Che cos’è la miosite ossificante?

La miosite ossificante (M.O.) è una condizione in cui si sviluppa una formazione fibrosa ossea e cartilaginea, di natura non neoplastica, all’interno di un tessuto molle, in questo caso muscolare. 

La miosite si può dividere in quattro categorie.

  1. M.O. circoscritta (M.O.C.), una forma localizzata, sia traumatica che non traumatica, che più di frequente riguarda i muscoli flessori dell’avambraccio, il quadricipite, l’adduttore della gamba, ma può anche riguardare anche, spalle e gomiti. La massa calcificata comincia a svilupparsi fin dalla terza-quarta settimana post-lesione.
  2. M.O. associata a disordini neurologici o danno al midollo spinale.
  3. M.O. pseudomaligna.
  4. Fibroplasia Ossificante Progressiva, una rara malattia genetica caratterizzata da ossificazione eterotopica progressiva in diversi siti periarticolari.

Quali sono le cause?

Le cause di questa tipologia di miosite ossificante sono ancora sconosciute. Si ipotizza che in seguito ad operazioni chirurgiche, traumi, scottature e danni nervosi, le cellule mesenchimali possano ritornare multipotenti inducendo i fibroblasti a trasformarsi in osteoblasti. Inoltre è comune nei giovani individui maschi in rapida crescita e fisicamente attivi.

Si pensa che l’assunzione di antinfiammatori non steroidei a basso dosaggio in seguito ad un trauma o ad un’operazione chirurgica, possa prevenire questa malattia.

Quali sono i sintomi?

La miosite ossificante è una metaplasia del tessuto connettivo intramuscolare e può essere:

  • Periferica, quando si ha su un osso lamellare maturo.
  • Regionale, se intermedia all’osteoide.
  • Immatura, quando non ci sono fibroblasti.
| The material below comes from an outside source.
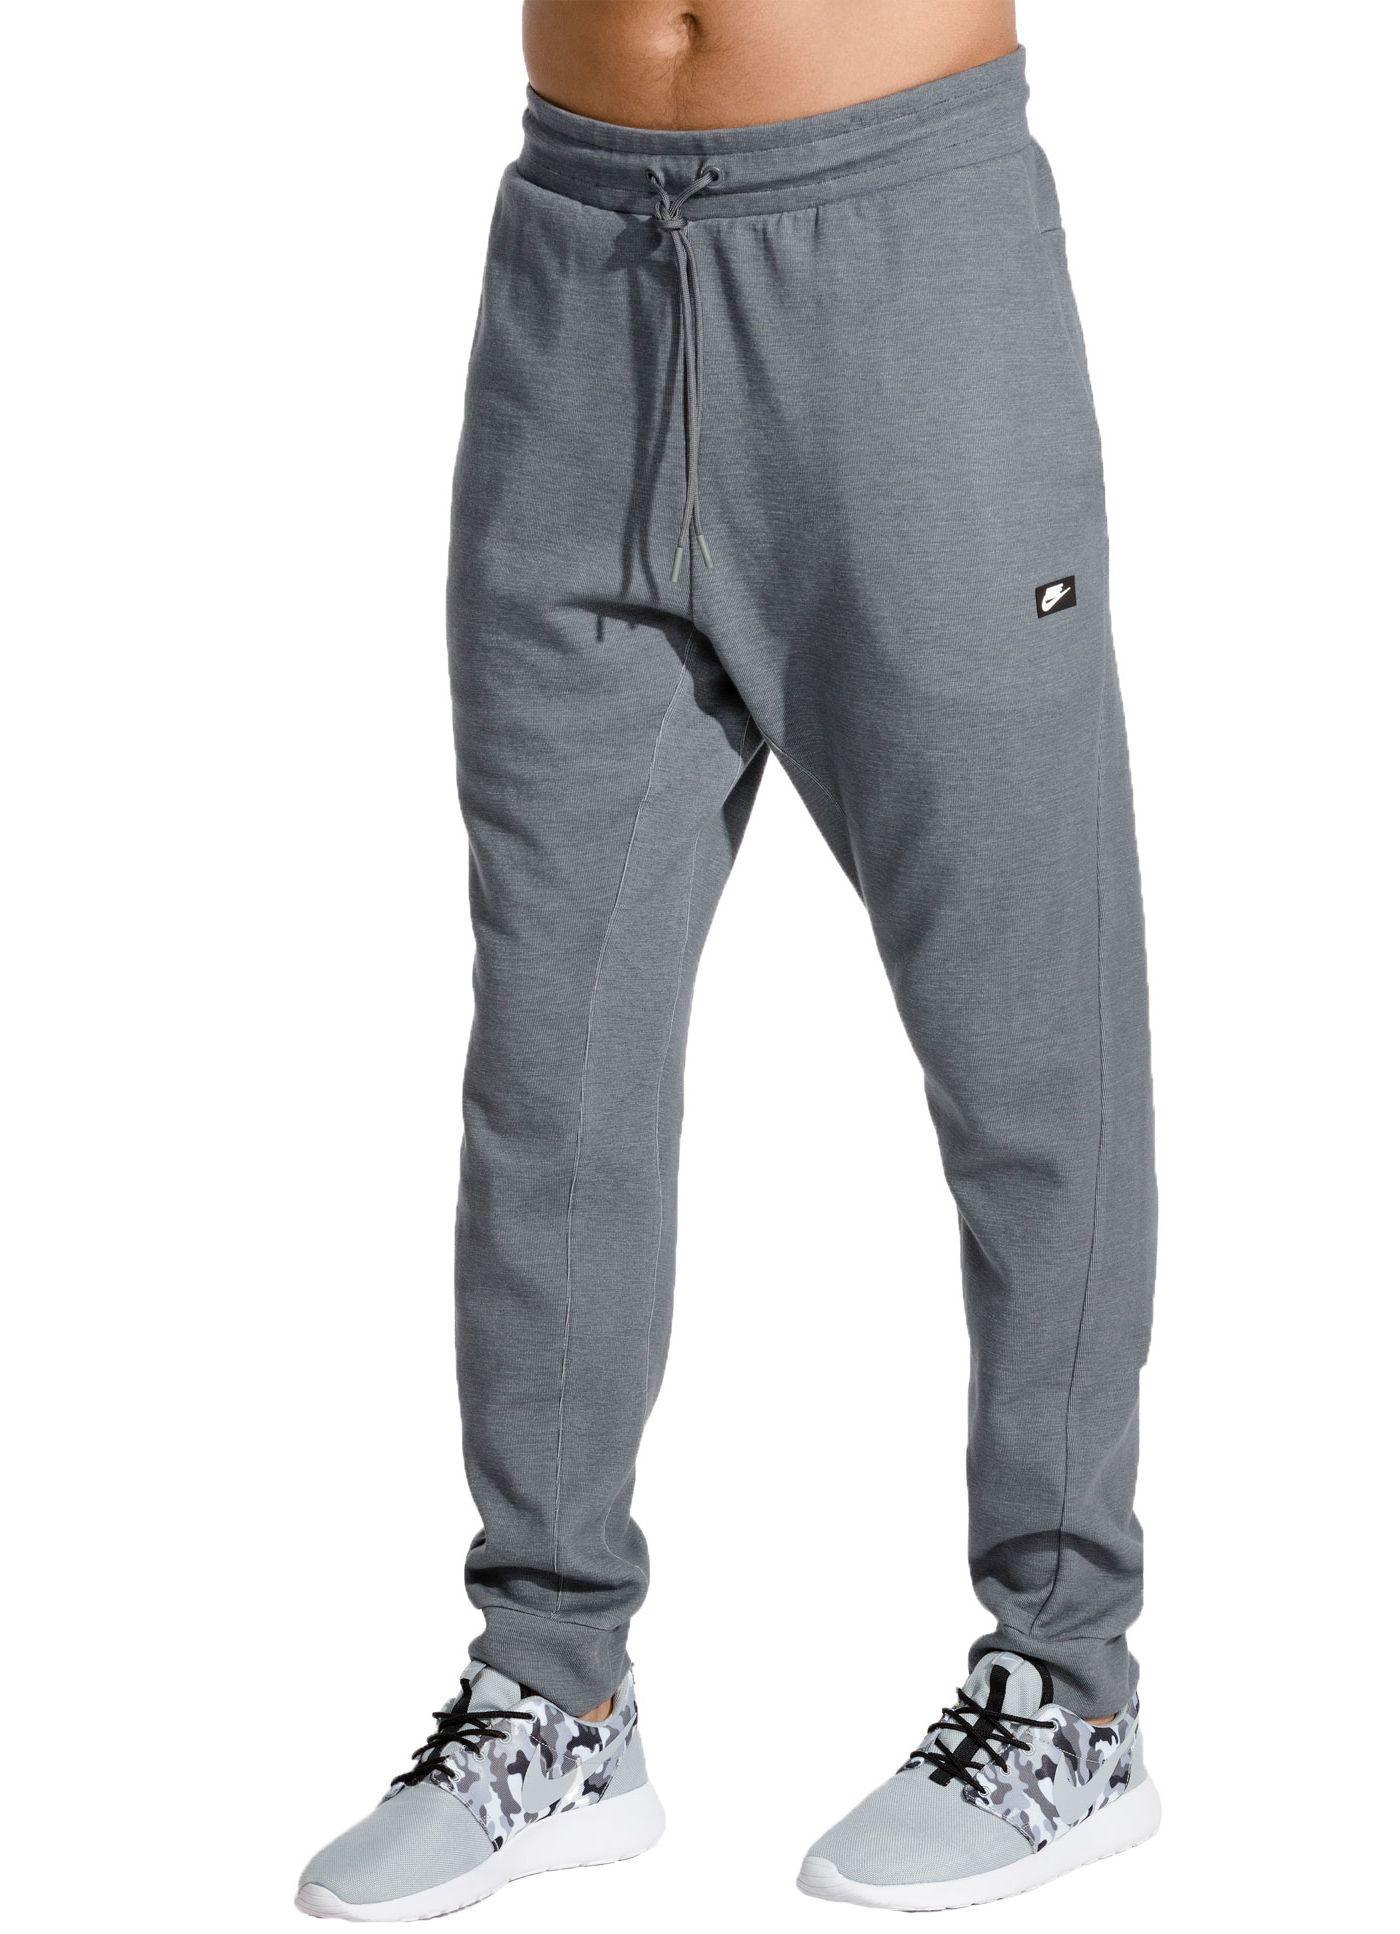 Nike Men's Sportswear Optic Jogger Pants

Tra i sintomi, si riscontrano: 

  • Presenza di una massa solida
  • Gonfiore
  • Dolore
  • Diminuzione della capacità di movimento
  • Rigidità

Come si diagnostica?

La diagnosi precoce viene eseguita tramite:

  • Verifica dei livelli di fosfatasi alcalina nel sangue (test non specifico).
  • Valutazione radiologica. Si può apprezzare un fenomeno zonale, in cui si distinguono un’area trasparente nel centro della lesione, che indica la formazione di osso immaturo, e da una densa zona di ossificazione matura alla periferia.
  • TAC. Questa è l’indagine più sensibile e più utile per fornire informazioni addizionali.
  • Biopsia ossea. Per distinguerla da altre patologie.

Come si cura la miosite ossificante?

La terapia della miosite ossificante dipende dalla fase. Il trattamento prevede solitamente la somministrazione di aspirina o indometacina al paziente.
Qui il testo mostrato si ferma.